On a larger scale, Howell noted that the Gothic architecture of many inaccessible residential buildings makes them difficult to renovate.

“In our dorms, most of them, you just have a set of steps, and that only gets you to some rooms, so the difficulty we had in choosing to renovate those was, ‘Which rooms do you make accessible, and which ones do you not?’ ” he said. The University worked out an agreement with the state so that at least one of each room type, such as a double or quad, would be elevator-accessible in each dormitory.

But some of the greatest challenges lie in increasing the accessibility of academic buildings, Howell said.

Wheelchair-bound Mike Zhang ’17 noted that although he can enter most buildings, he once had to delegate a friend to hand in a paper for him at Dickinson Hall, the history department building whose stairs barred him from entering. He added that buttons to open doors to campus buildings are sometimes placed in inconvenient locations that he cannot reach.

Beyond building modifications, accessibility improvements will extend to transportation.

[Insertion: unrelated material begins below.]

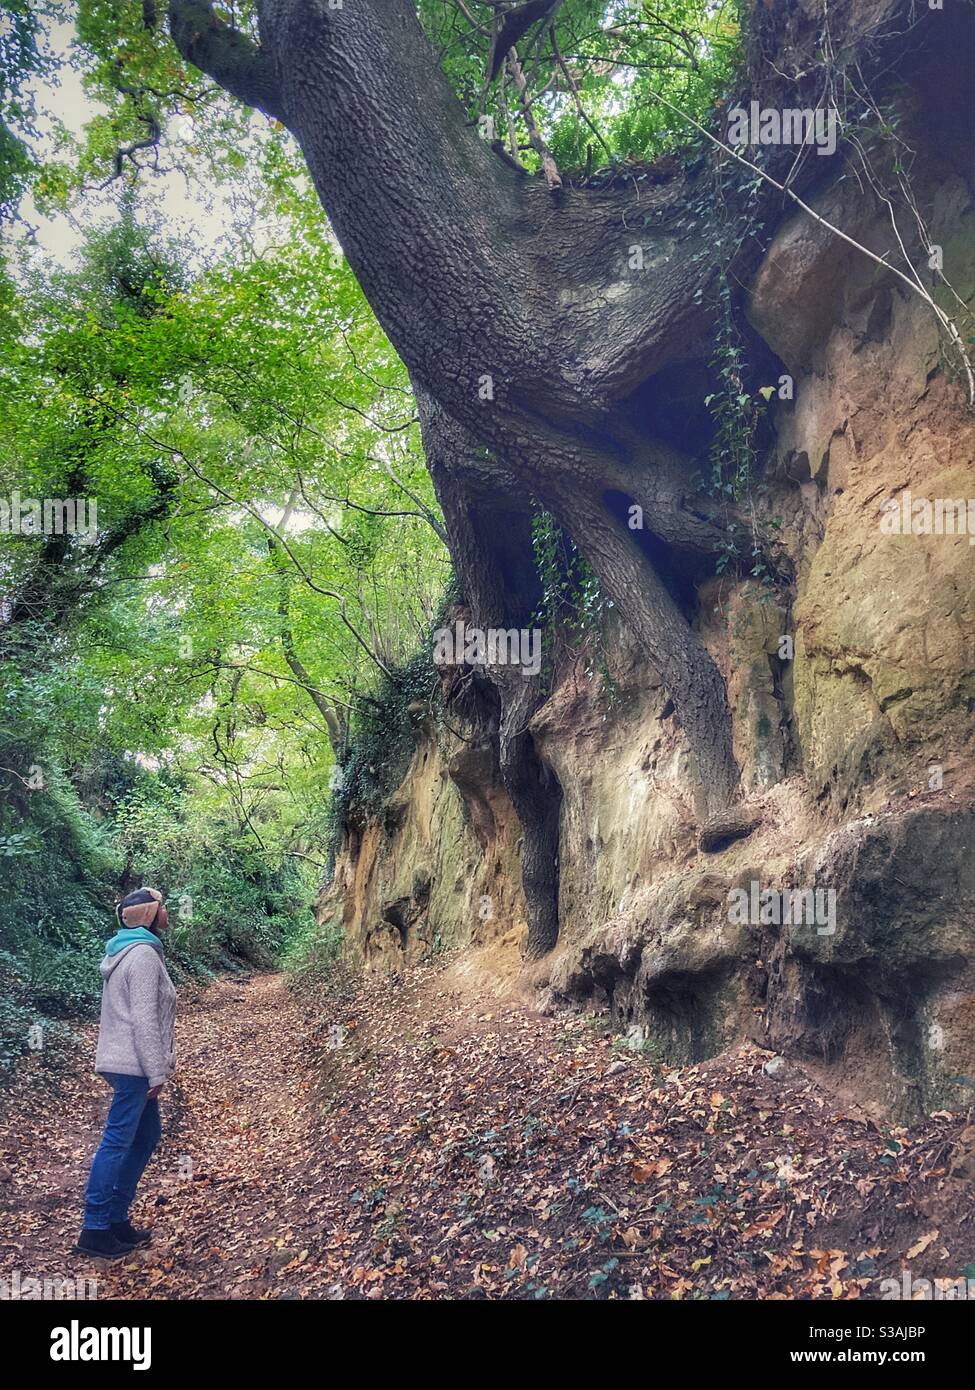 Woman hiker, looking at an enormous tree with exposed roots  in an ancient sunken hollow way or drovers track, East Chinnock, Somerset, England Stock Photo

Woodman said that she is now spearheading a point-to-point van service that will run in addition to wheelchair-accessible Tiger Transit buses, golf carts for temporarily handicapped students through University Health Services and scooter rentals through the Office of Disability Services already offered through the University. She explained that the van service is necessary because the bus service does not get faculty members close to where they need to teach and that conveniently located parking spaces are hard to find.

Aside from physical construction, Minter said administrators have just updated all of their policies for employee accommodations and are launching a big project to upgrade technology.

“All of our websites would be accessible to people with visual or hearing, or other sensory impairments. It’ll affect classroom technology, so making sure that classrooms will be accessible to people with sensory impairments, that library materials are accessible, that bank machines are accessible — anything that’s technology-based,” she explained.

The Office of Design and Construction plans to improve communication regarding accessible pathways around campus. “We met as recently as last week about updating the accessibility map, making it more accurate and leading towards … an interactive accessibility map that would help students or anyone who needs to find a route to this place or that place,” Howell said.

The Office of Disability Services also posted a new job offering last Tuesday for an access coordinator, whose job will include addressing physical accessibility, according to Woodman.

Woodman said the University has grown more proactive about including handicapped people in the last couple of years.

“In the past, people would say, ‘Oh? Disability? Well, send them to Eve [Woodman].’ But now people are realizing that they’re not all my students, they’re not all my visitors. Everyone takes ownership and realizes that we just need to make sure that they have equal access to whatever program or services there are on campus,” she said.

Minter noted that increasing accessibility requires daily attention.

“Responding well to the changing needs of our campus community and to the changing requirements of the Americans with Disabilities Act is a constant process,” she said. “We will never get to a place where we can say, ‘We’re victorious. We have done it all, and now we’re perfect.’ It’s something that we’re always going to be working on.”